Financial Protection

A year ago I wrote a column about Mickey Rooney and how he had been robbed of his life savings by a member of his family. In his statement before the U.S. Senate Aging Committee, the 91-year-old movie actor gave heart-rending testimony about how this experience makes a person feel.

In words that gripped listeners, he told them: “For years I suffered silently. I was told to shut up and be quiet; you don’t know what you’re talking about.”

This kind of financial exploitation of older people, I reported, is the most common form of elder abuse. All kinds of abuse are reprehensible, of course, but this this one has its own nasty aspects.

Fortunately, the Obama administration last summer established a new office to help those subjected to financial abuse. It acts to help not only people who suffer loss at the hands of family members, but those subjected to other kinds of exploitation as well.

The new office is the first ever to take as its main concern the financial well-being of elders. I like to think it will prove an important tool for those older people who cannot protect themselves.

The Office of Financial Protection for Older Americans, as it is called, was made possible by passage of the Dodd-Frank Wall Street Reform and Consumer Protection Act of 2010.

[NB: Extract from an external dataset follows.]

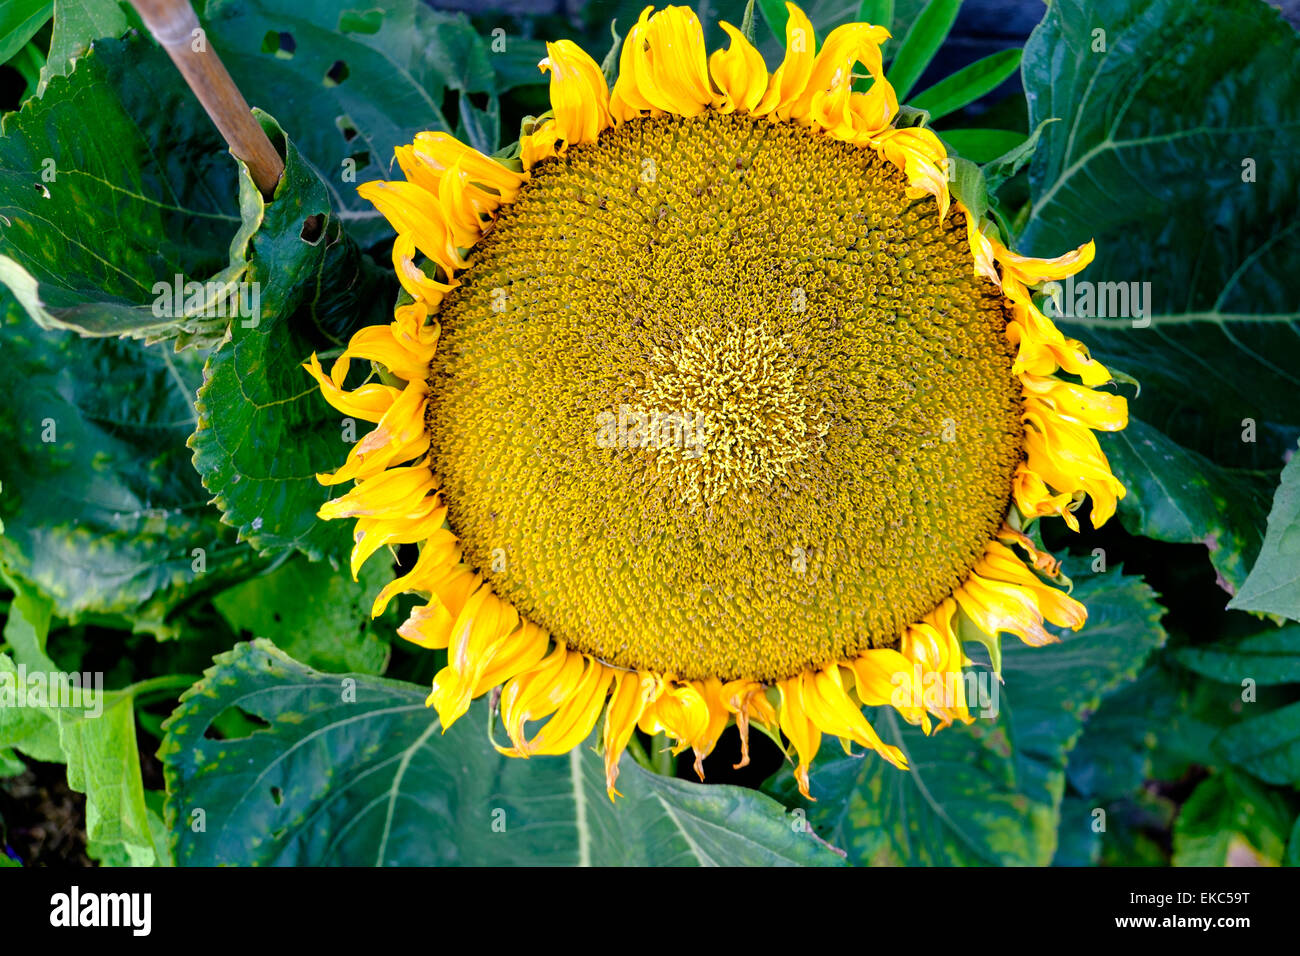 Sunflower head Stock Photo - Alamy

You may remember the struggle led by Elizabeth Warren, now the leading Democratic candidate for Senator from Massachusetts, to establish the Consumer Finanncial Protection Bureau. This new elder protection office has sprung from the larger agency she first created.

The elder protection office can already boast a certain political pedigree. Its director is Hubert Humphrey III, known as Skip, the son of the former Vice-President.

You can admire the fast start made by the elders’ agency last summer. (Much better a start than the Red Sox had this season and last.) In the space of three months, it took care of some five thousand complaints about credit card problems.

This new Office for Older Americans will try to raise public awareness of this abuse problem and bring agencies together to combat it. It will also fight financial exploitation by businesses that prey on older people to make money.

People with credit card and mortgage problems (among others) may call an agency hotline. This service expects to expand and take in other problems such as unfair auto loans.

The hotline number is (855) 411-CFPB (2372). One can also report online at consumerfinance.gov. (On tapping into the latter site I discovered that the agency serves not just older people but others as well — students with loan problems, for example.)

The agency also provides another simple way to access information: the computer address ASK CFPB. I found it a ready source of answers on a wide range of topics.

Here are some of the areas of concern listed by the Office for Older Americans:

* Protection against abuse by agents under power of attorney, court-appointed guardians and other fiduciaries.

* Education about the realities and risks of joint bank accounts and other savings vehicles.

* Protections for those who are reverse mortgage borrowers.

* Specific issues for people living alone, especially older women with less financial experience.

* Increased financial exploitation of people living in residential care facilities.

I owe the above information to Naomi Karp who serves as a policy advisor for the new agency. Writing for a publication of the American Society on Aging, she outlines expectations for governmental action that can only be welcomed by elders and the community at large.